Additional Director General of Police
- In office 11 March 2021 – 27 September 2025

Personal details
- Born: 24 October 1968 (age 57) Hubli, Mysore State (present–day Karnataka), India
- Spouse: Anupa Sajjanar
- Parents: Channappa B. Sajjanar (father); Girija Sajjanar (mother);
- Education: Lions English Medium School, Hubballi
- Alma mater: Karnatak University, Dharwad
- Occupation: Police

= V. C. Sajjanar =

Indian police officer

Vishwanath Channappa Sajjanar (born 24 October 1968) is an Indian police officer who was the additional director general of police (ADGP) of Telangana, now serving as Commissioner of the Hyderabad City Police. He is native of Hubballi, Karnataka state. Sajjanar is known to focus on women and child safety issues. He is also known for his strong focus on community and citizen friendly policing, cybercrime and human trafficking. Sajjanar began his career as an Assistant Superintendent of Police of Jangaon (Warangal District). He also served as the Inspector General of Police (Special Intelligence).

==Early life==
Vishwanath Channappa Sajjanar is a native of Hubballi, Dharwad district, Karnataka state, India. His parents are Channappa and Girija. He was born on 24 October 1968. He did his early education from Lions English Medium School, Hubballi and obtained B.Com degree from J.G.College of Commerce, Hubli, which is affiliated to Karnatak University, Dharwad.
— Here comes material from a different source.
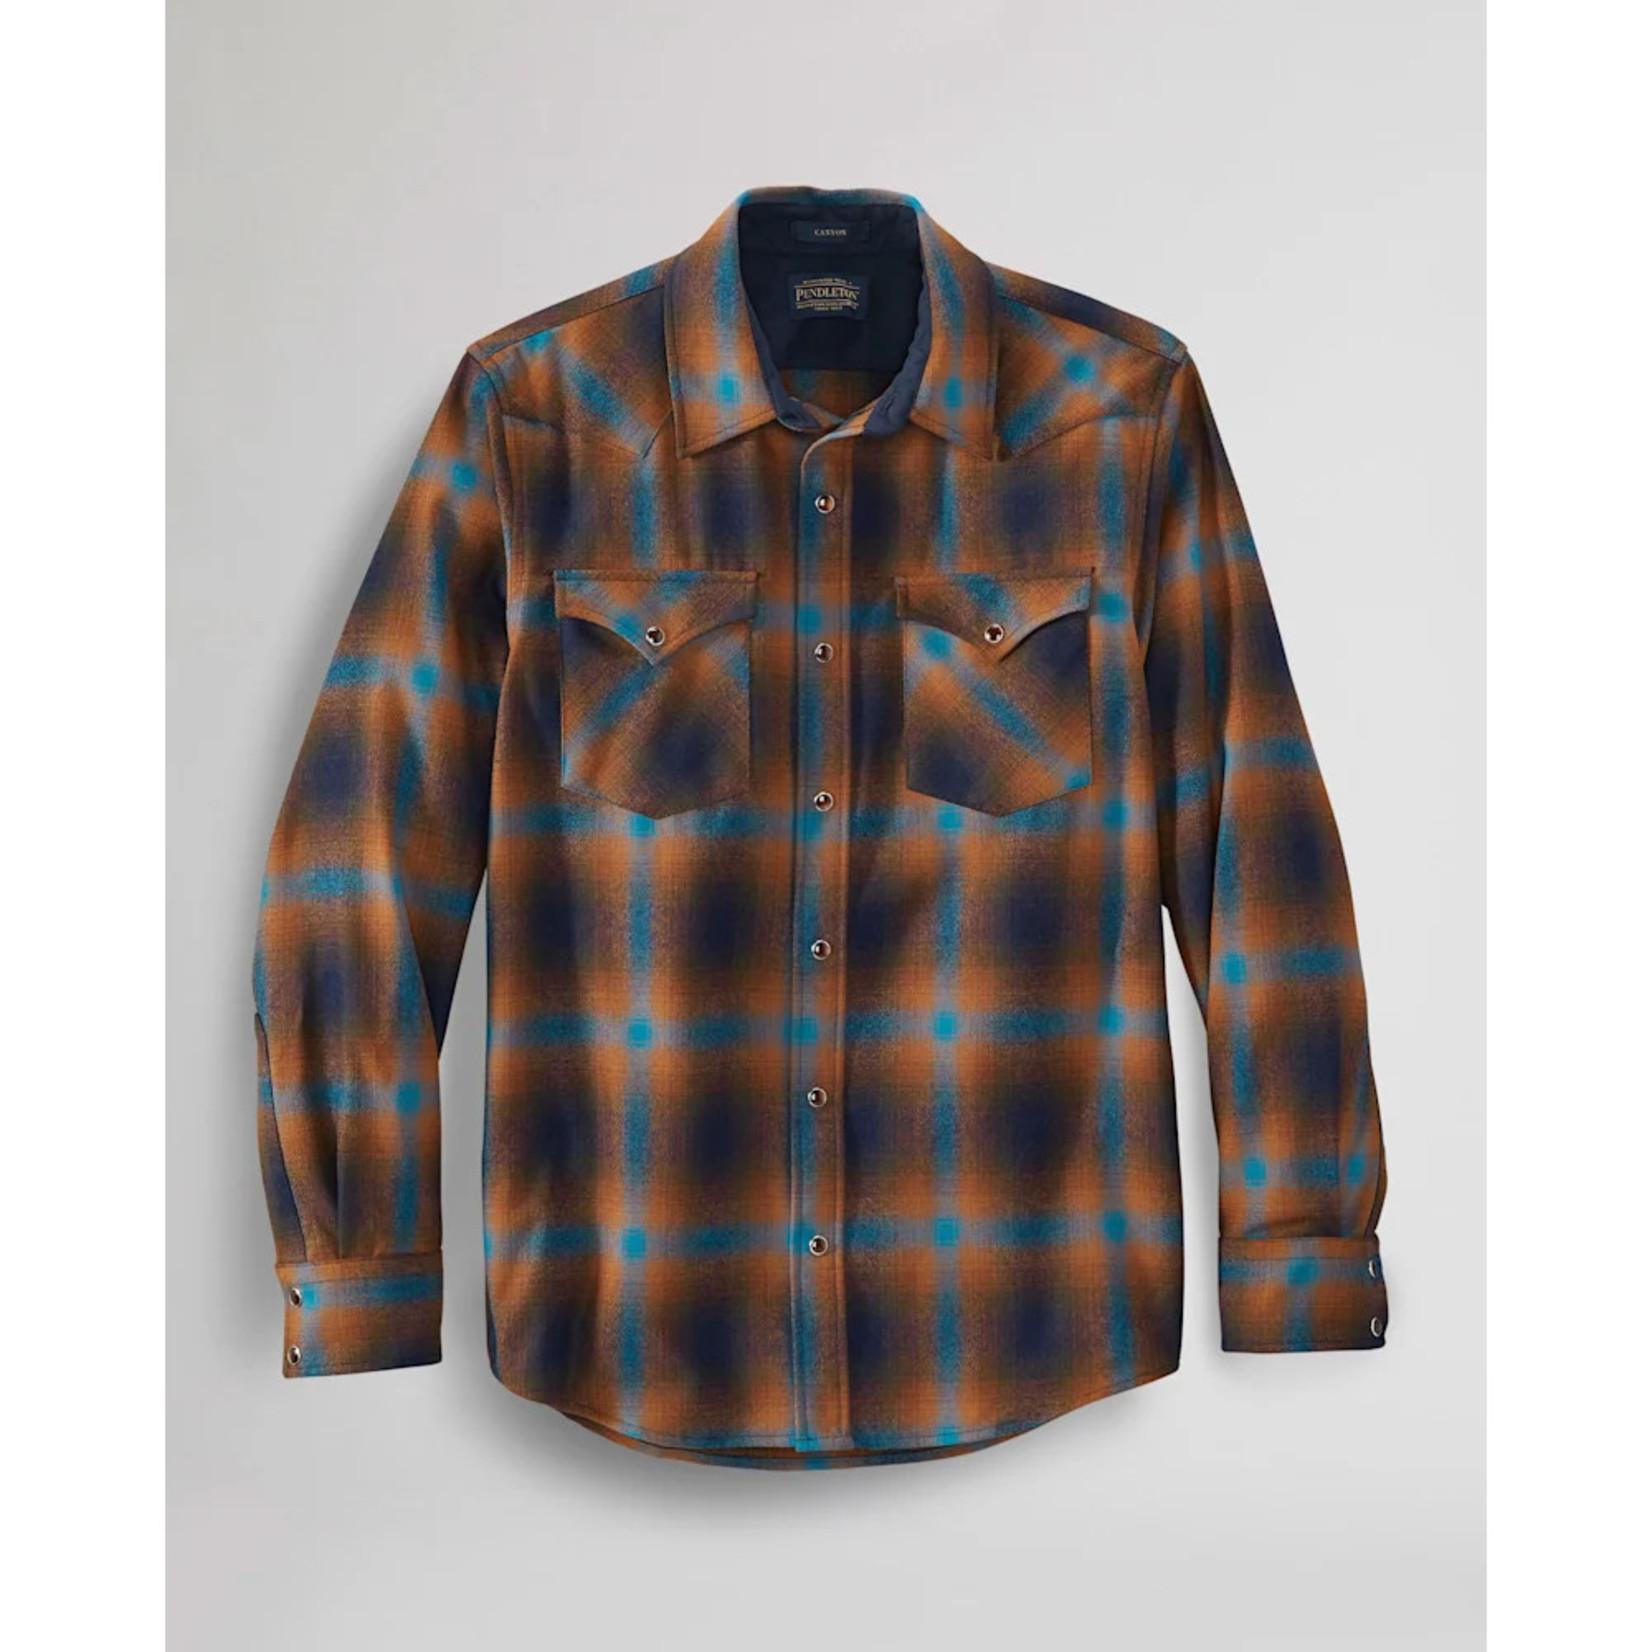 Pendleton Pendleton Canyon Shirt RA642-32411

V.C. Sajjanar did M.B.A. from Kousali Institute of Management Studies, Dharwad and joined I.P.S. in 1996, after successfully clearing civil services examination conducted by Union Public Services Commission of India (U.P.S.C).

==2008 Warangal Acid Attack==
In 2008, two female engineering students in Warangal were attacked by three male suspects. The suspects were shot by the Warangal police, who acted in self-defense against an unprovoked attack by the accused. V.C. Sajjanar, was the Superintendent of Police for Warangal district at the time of the incident.

==2019 Hyderabad Gang Rape==
On 6 December, Sajjanar announced that the four accused in the 2019 Hyderabad gangrape-murder case were shot in self-defence by the Cyberabad Police.

== 2021 Promoted as Additional DGP ==
On 11 March 2021, Sajjanar was promoted to the rank of Addl. DGP. On 25 August 2021, Sajjanar was transferred From Police Commissioner of Cyberabad to take a new position as managing director of Telangana State Road Transport Corporation.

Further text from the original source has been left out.